1924 film by Robert F. Hill

Young Ideas is a 1924 American silent comedy film directed by Robert F. Hill and starring Laura La Plante, T. Roy Barnes, and Lucille Ricksen. It also featured an uncredited appearance of the future star Janet Gaynor.

==Plot==
As described in a film magazine, Octavia Lowden is the mainstay of a family consisting of Aunt Minnie, firmly convinced that she is "not long for this world," Eloise, a younger sister with a twisted disposition, Uncle Eph, who fought with General Grant at Appomattox, Bob, a kid brother with a sleep-and-mischief complex, and Grandma, the only regular sport in the outfit, but tied to her chair. Octavia is a photographer in Pritchett Spence's gallery and much, but hopelessly admired by Spence. With a family of sick people Octavia cannot give Spence a moment's attention. Finally he ventures to her house one Sunday afternoon, with such results that he is driven to a desperate trick. To get her away from her bloodsucking relatives, he sends her on an out-of-town assignment and then has a doctor friend quarantine the house. Detectives keep Octavia and the other inmates of the house within, and of course Octavia worries over her fam- ily, all of them probably starving or dying. As a matter of fact, they are all — but Grandma — at work, facing a realization that they either work or starve. Meanwhile, Spence and Dr. Hiram Smith sit back and chuckle — until Grandma gets sick. Then Spence goes to the country place to bring Octavia home, and has to whip the very detectives he put around the house because they do not know him.
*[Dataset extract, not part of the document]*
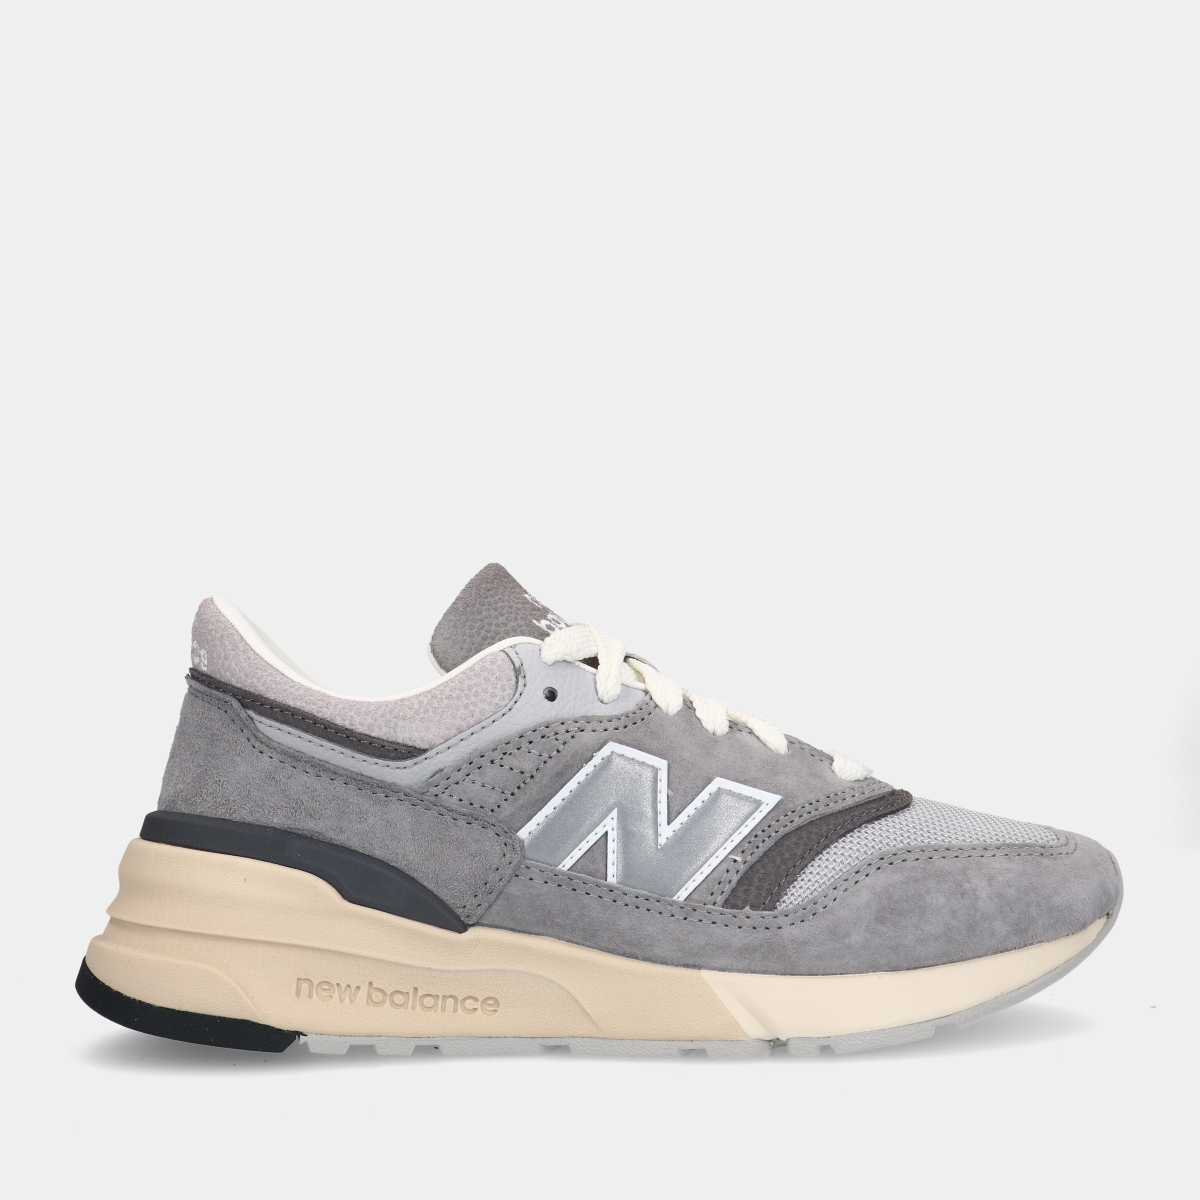 New Balance 997R Shadow Grey unisex sneakers
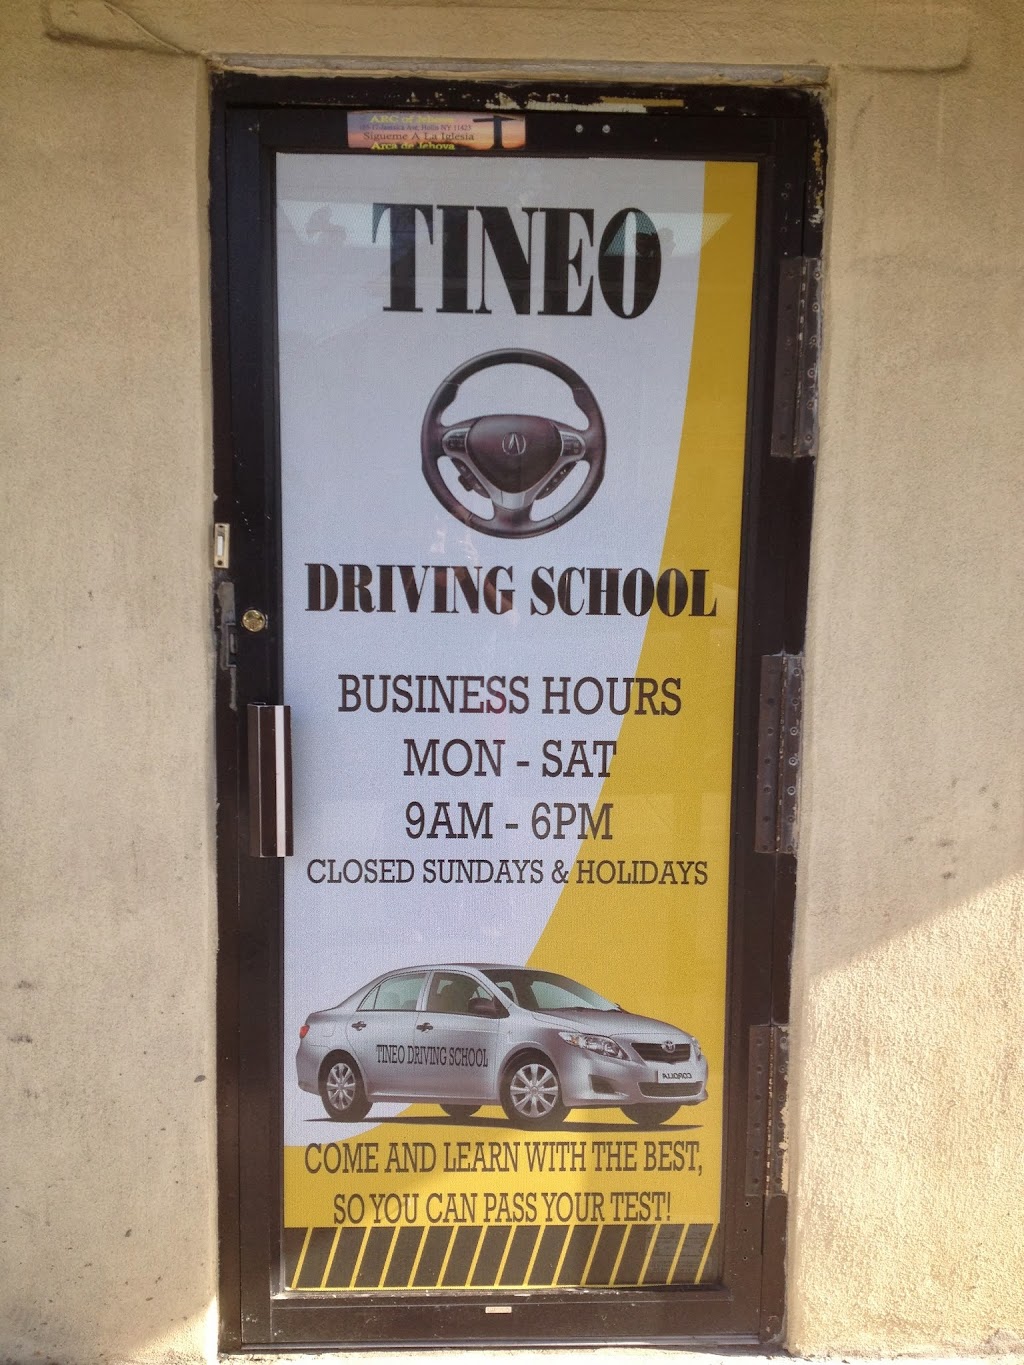 Tineo Driving School | 856 New Lots Ave, Brooklyn, NY 11208 | Phone: (718) 649-4499

But a skunk releases the "prisoners" and in a short time Octavia finds herself at home — and a strange home it is, with Bob in overalls and Eloise and Aunt Minnie in aprons. And then Spence seeks forgiveness for his "trick" and receives punishment extraordinary — a life sentence with Octavia.

==Preservation==
A print of Young Ideas is held at the EYE Film Institute Netherlands.

==Bibliography==
- Goble, Alan. The Complete Index to Literary Sources in Film. Walter de Gruyter, 1999.